## Exercise prompt
Reproduce exactly the lines of this material that begin at the line with "Планировка 1-к квартира" and end at the line with "1-中国石油吉化股份有限公司双苯厂1113爆炸火灾", both included. Omit the pictures and everything else.

--- Data shown ---

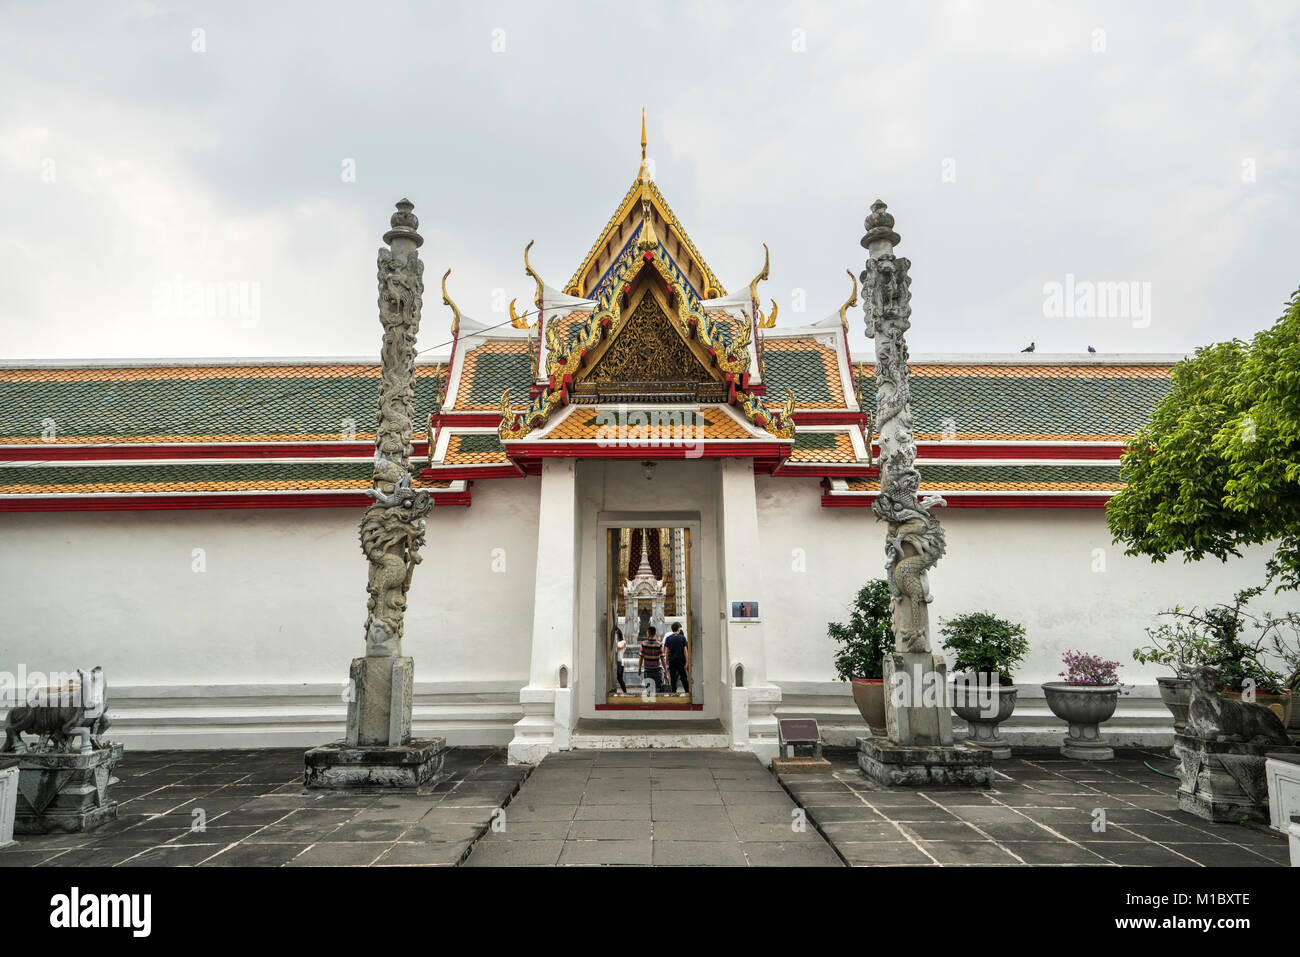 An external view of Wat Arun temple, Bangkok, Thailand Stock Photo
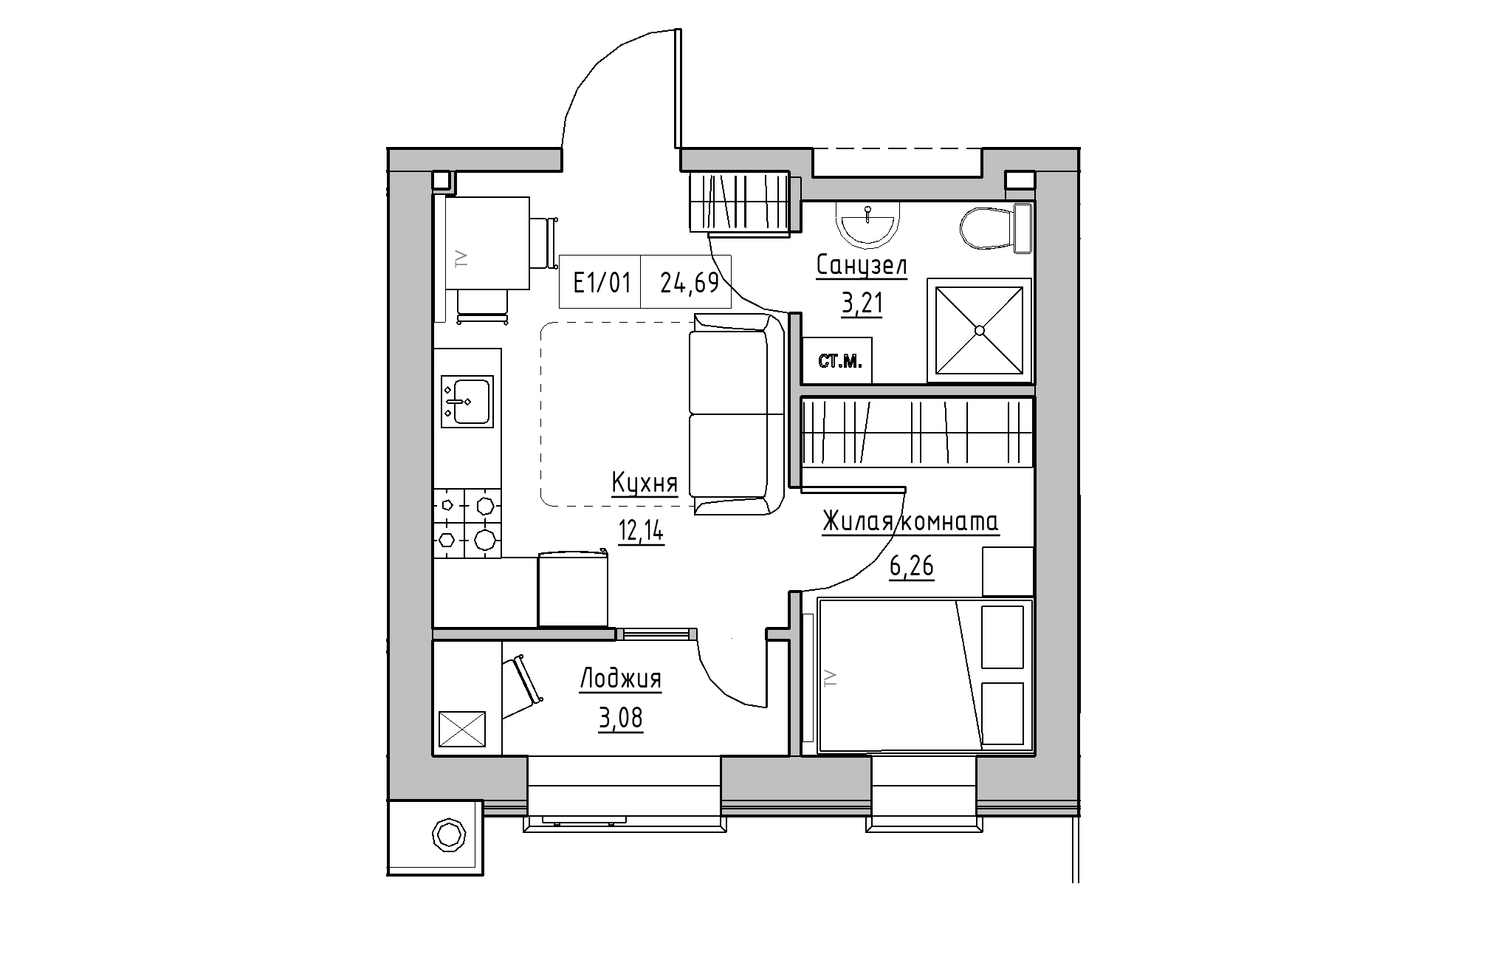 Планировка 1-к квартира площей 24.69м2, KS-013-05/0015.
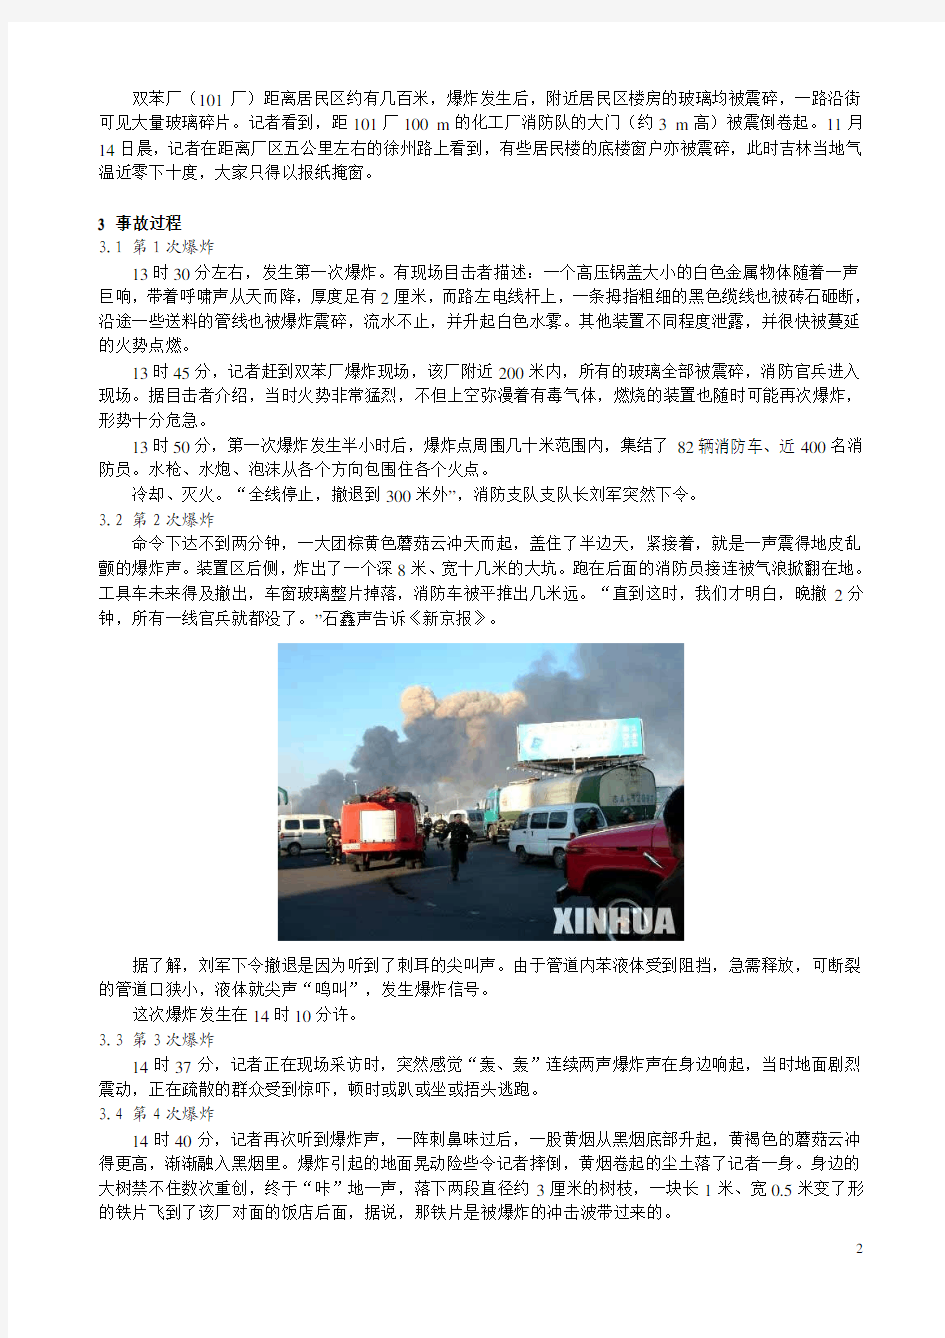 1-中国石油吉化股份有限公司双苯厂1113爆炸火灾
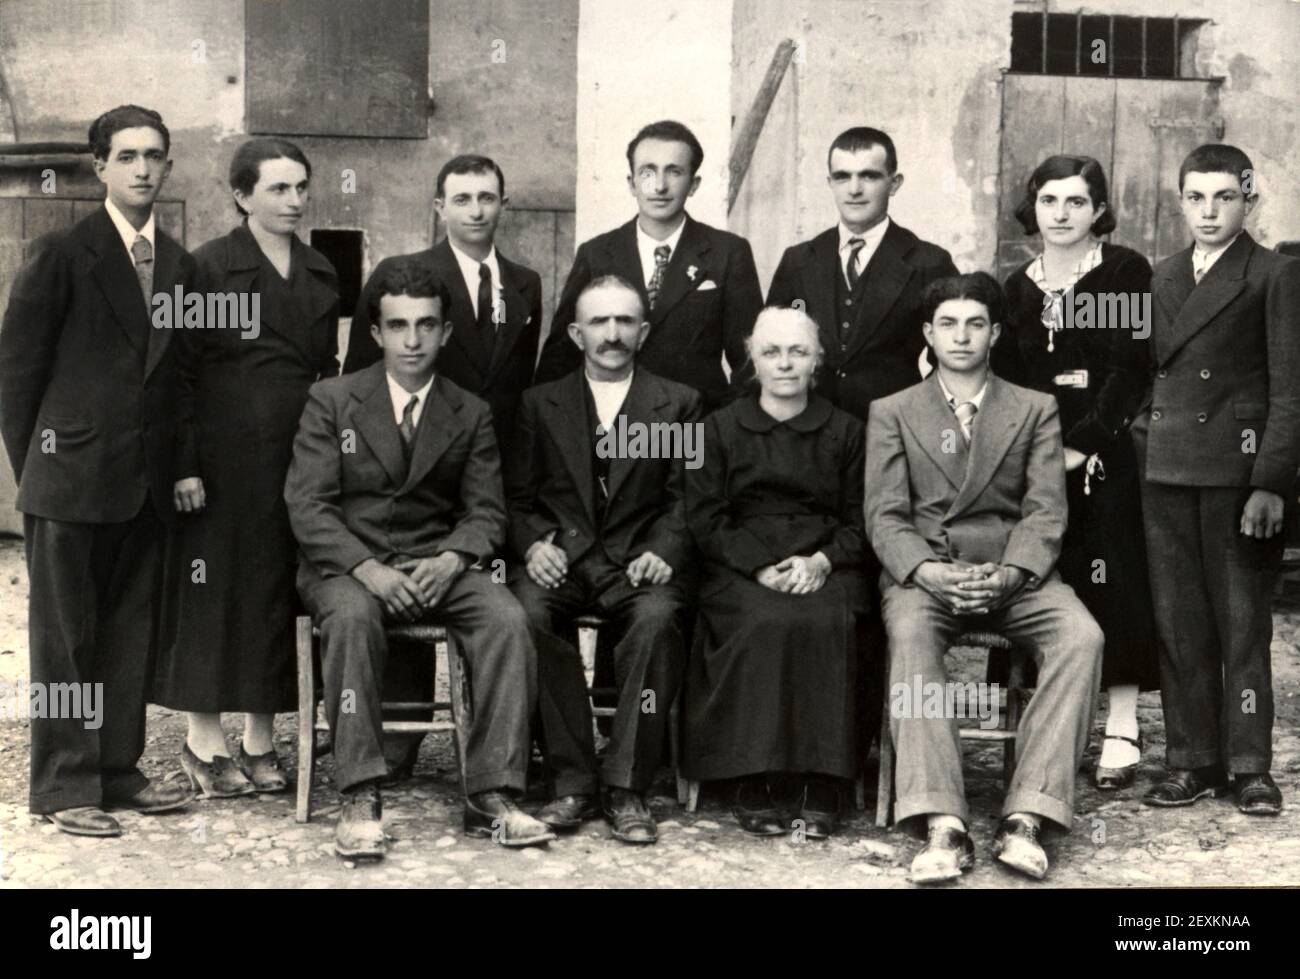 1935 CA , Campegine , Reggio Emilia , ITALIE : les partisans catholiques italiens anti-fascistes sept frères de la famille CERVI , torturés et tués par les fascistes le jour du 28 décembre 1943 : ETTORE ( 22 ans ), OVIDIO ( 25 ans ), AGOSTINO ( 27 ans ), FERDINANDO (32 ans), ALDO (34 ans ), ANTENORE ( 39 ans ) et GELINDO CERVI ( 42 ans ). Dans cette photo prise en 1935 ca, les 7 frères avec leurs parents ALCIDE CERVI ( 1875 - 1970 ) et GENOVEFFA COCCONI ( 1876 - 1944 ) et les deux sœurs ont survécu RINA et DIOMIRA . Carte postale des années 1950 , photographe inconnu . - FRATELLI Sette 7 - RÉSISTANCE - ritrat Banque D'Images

---

## Expected output
 Планировка 1-к квартира площей 24.69м2, KS-013-05/0015.
 1-中国石油吉化股份有限公司双苯厂1113爆炸火灾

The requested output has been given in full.